Purdue University Fort Wayne

10/07/2025 | News release | Distributed by Public on 10/07/2025 06:46

Sports leadership concentration added for athletic academics

Since grade school, Kenton Aubrey admits he's always been a basketball junkie-playing, coaching, moving through various levels of positions at different colleges-and now teaching leadership in sports classes as an adjunct professor in the Department of Organizational Leadership at Purdue University Fort Wayne. As proof of his travels and experiences, Aubrey has collected more than 200 pairs of athletic shoes.

With this track record, Aubrey's students better be prepared to lace up their own shoes because they're going to be very busy as PFW continues to grow its recently launched sports leadership concentration. It's the natural progression from the class Aubrey has been teaching for three years, according to Michael Kirchner, chair of organizational leadership.

"We have a lot of student-athletes, athletics personnel, and general students expressing interest in these courses," Kirchner said. "We are definitely in a unique position in terms of how to center a curriculum that touches on all the different aspects of what it looks like to be successful in sports as a non-athlete."

As Kirchner points out, there are many crossovers between organizational leadership and athletics, particularly for former athletes who may want to work in the field when their playing days are finished. After all, it is an area they know and are comfortable with. This kind of formal education opportunity supports their potential professional choice.

Those options could include coaching, administration, support roles, facilities management, marketing, running departments, or as Aubrey said, hundreds of avenues that can be explored.

"I'm just really excited with the opportunity to potentially spark some interest in someone or continue to help someone's passion grow," Aubrey said. "I want them all to understand that there are other options than just being an athlete or a coach."

Aubrey has primarily been a coach, including three seasons as a graduate assistant with the PFW men's basketball team under Jon Coffman. He moved to Arkansas State and recently completed a five-year stint as the associate head coach at Indiana Tech.

Aubrey plans on examining different leadership styles of athletes and coaches, and asking students to write papers on topics such as mapping out their first 30 days as a team's general manager; mapping out the first month as incoming coach of a team; and organizing how they would plan to host an event, be it a conference, fundraiser, kids camp, clinic, tournament, or something else.

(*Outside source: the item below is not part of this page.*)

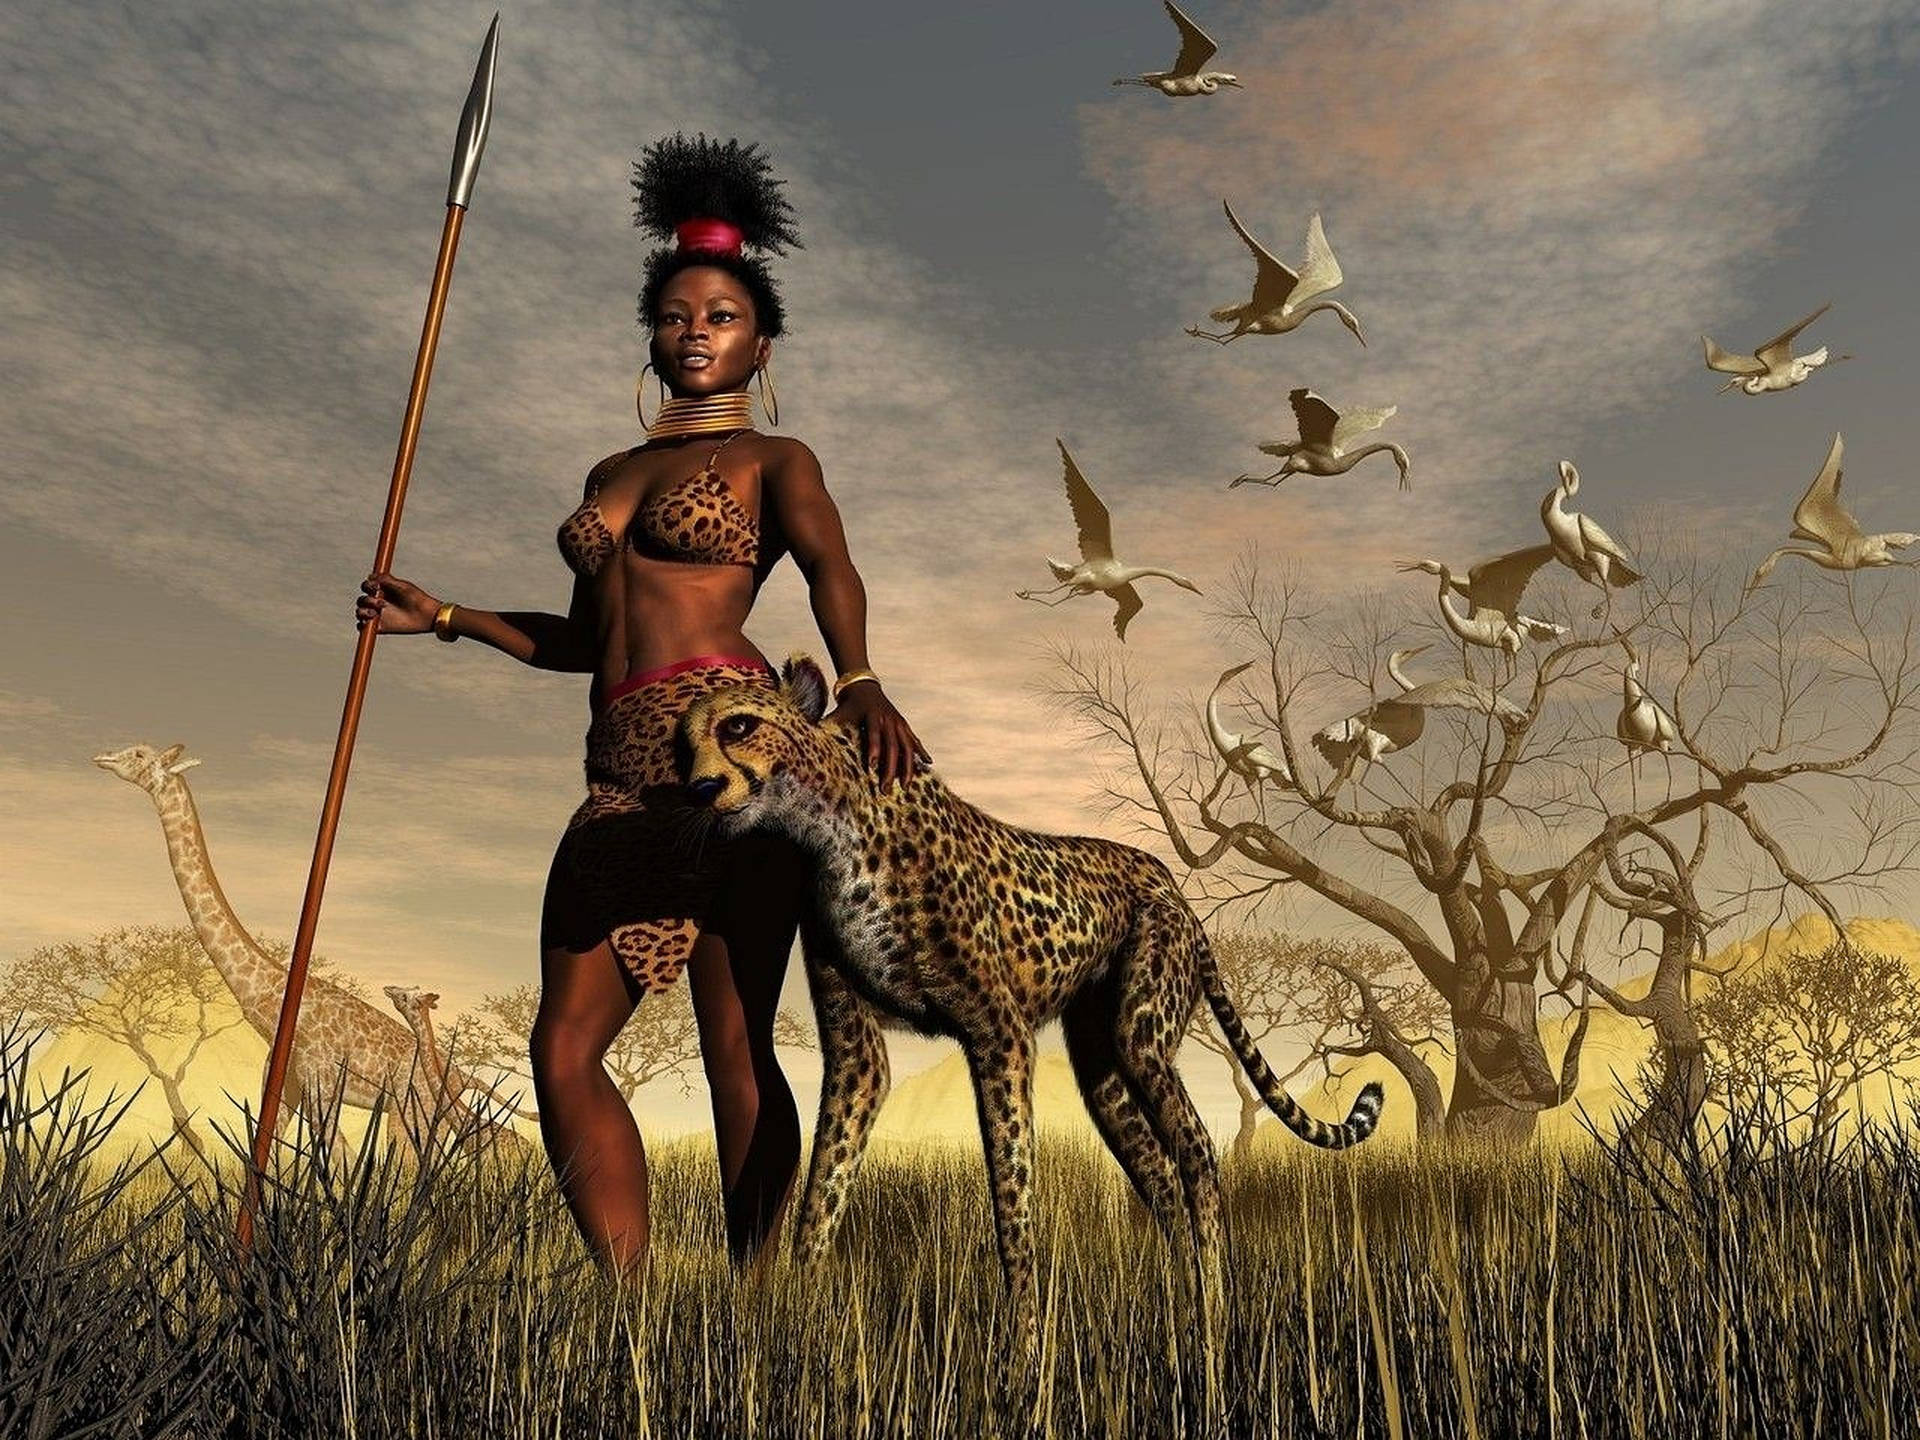 Female African Warrior Art Background

"They need to understand that there are a lot of things involved with coaching and such that aren't really coaching," Aubrey said. "There are a lot of things they need to know how to handle because it's likely they will be asked to."

Other courses in the concentration currently include organizational leadership's sports law and conflict management. Students also need to take three of four options offered by other departments, such as principles of public relations, the history of American sports, introduction to sports event management, and sports and public policy. All classes will be held online.

Entering its third year, the sports law course will continue to be taught by Jeremy Herring, a Fort Wayne attorney who is also the athletic director at Marian University in Plymouth. Herring was a college and professional basketball player before starting a seven-year coaching career.

James Platzer, M.S. '21, a continuing lecturer at PFW, teaches the conflict management course. He's a former president and general manager of a Fortune 200 company who joined the faculty in 2017.